# Wrong display on memory type



## treoman (Jul 12, 2009)

Hi
I find that the memory type is wrong with my NVIDIA graphic card.
It should be 9500GT DDR3. (not GDDR3) 
It will show DDR2 instead of DDR3. I have checked with NVIDIA's engineer.
They told that developer need to update the header files from NVIDIA.
Anyone can help on this?
Thanks!


----------



## KainXS (Jul 12, 2009)

well maybe you bought a 9500gt that has ddr2, what is the memory clock on the card


----------



## W1zzard (Jul 12, 2009)

whats the markings on the memory chips? as far as i know all ddr3 technology memory on graphics card is gddr3


----------



## treoman (Jul 12, 2009)

It is new. The memory clock is 800Mhz and the memory part no. is Hynix H5TQ1G63BFR-12C.
According to NVIDIA engineer, this DDR3 memory is used on system memory modules.
But now, it change to use on graphic cards.
Moreover, they told that the old header files only contain SDR, DDR, DDR2 and GDDR3 but no DDR3. So, it will display DDR2 accordingly.
Therefore, update to new header files are needed to solve this issue.
Please help!


----------



## treoman (Jul 12, 2009)

Moreover, I heard from the engineer that it will have more and more graphic board will change to use DDR3 design. It is because of the cost to performance.


----------



## MilkyWay (Jul 12, 2009)

im sceptical ive never heard of any change in graphics memory
im waiting for more information


----------



## 95Viper (Jul 12, 2009)

What card is it? Make, model, and such.

If it is that part no. Hynix H5TQ1G63BFR-12C; then it is DDR3 SDRAM for graphics...
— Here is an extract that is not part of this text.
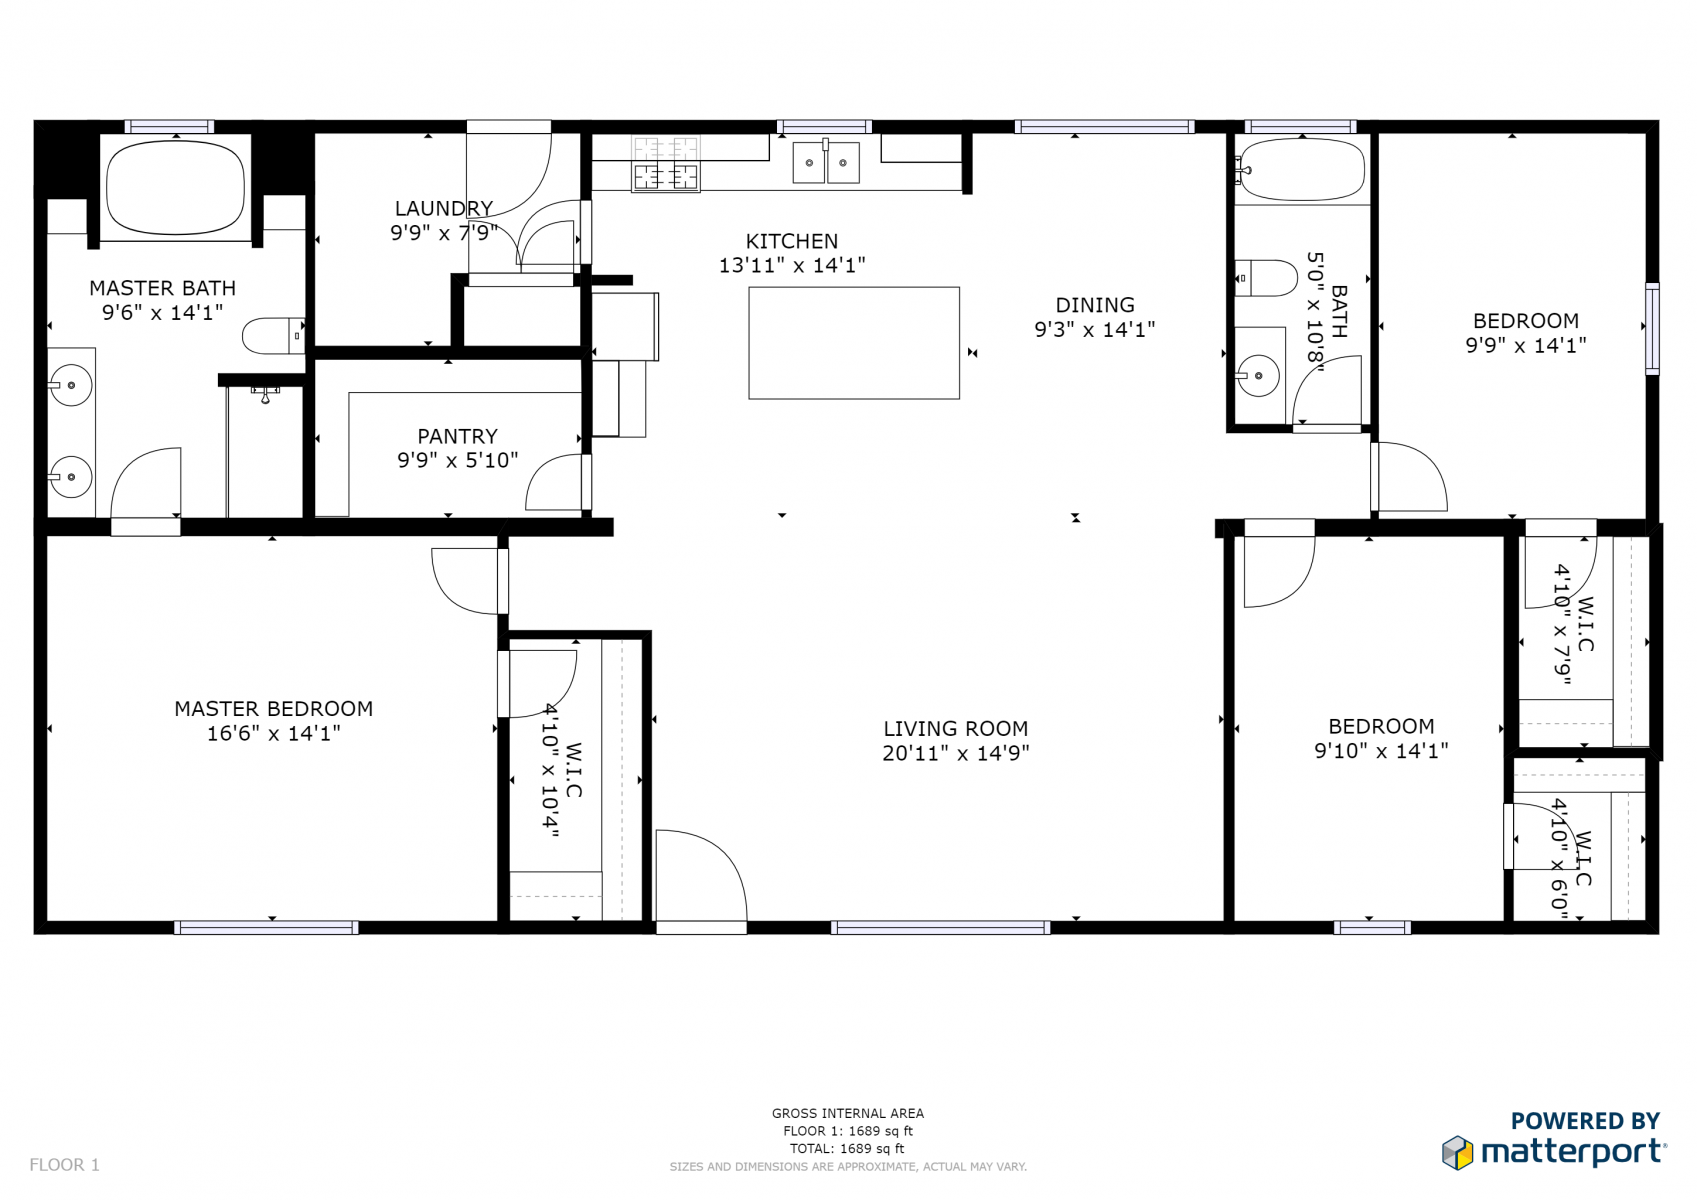 Homes Direct Modular Homes - Model K3060A - Floorplan

http://www.hynix.com/gl/search/result_product.jsp?menuNo=10&m=0&s=0&searchType=2&sc=DRAM-&rk=27&rn=DDR3%20SDRAM&div=36

http://pdf.directindustry.com/pdf/hynix/databook/34497-59117-_27.html

Came out in first quarter of 2009 per second link.


----------



## W1zzard (Jul 13, 2009)

that looks like non-g ddr3 indeed. can you submit a validation and post your id so i can take a closer look?


----------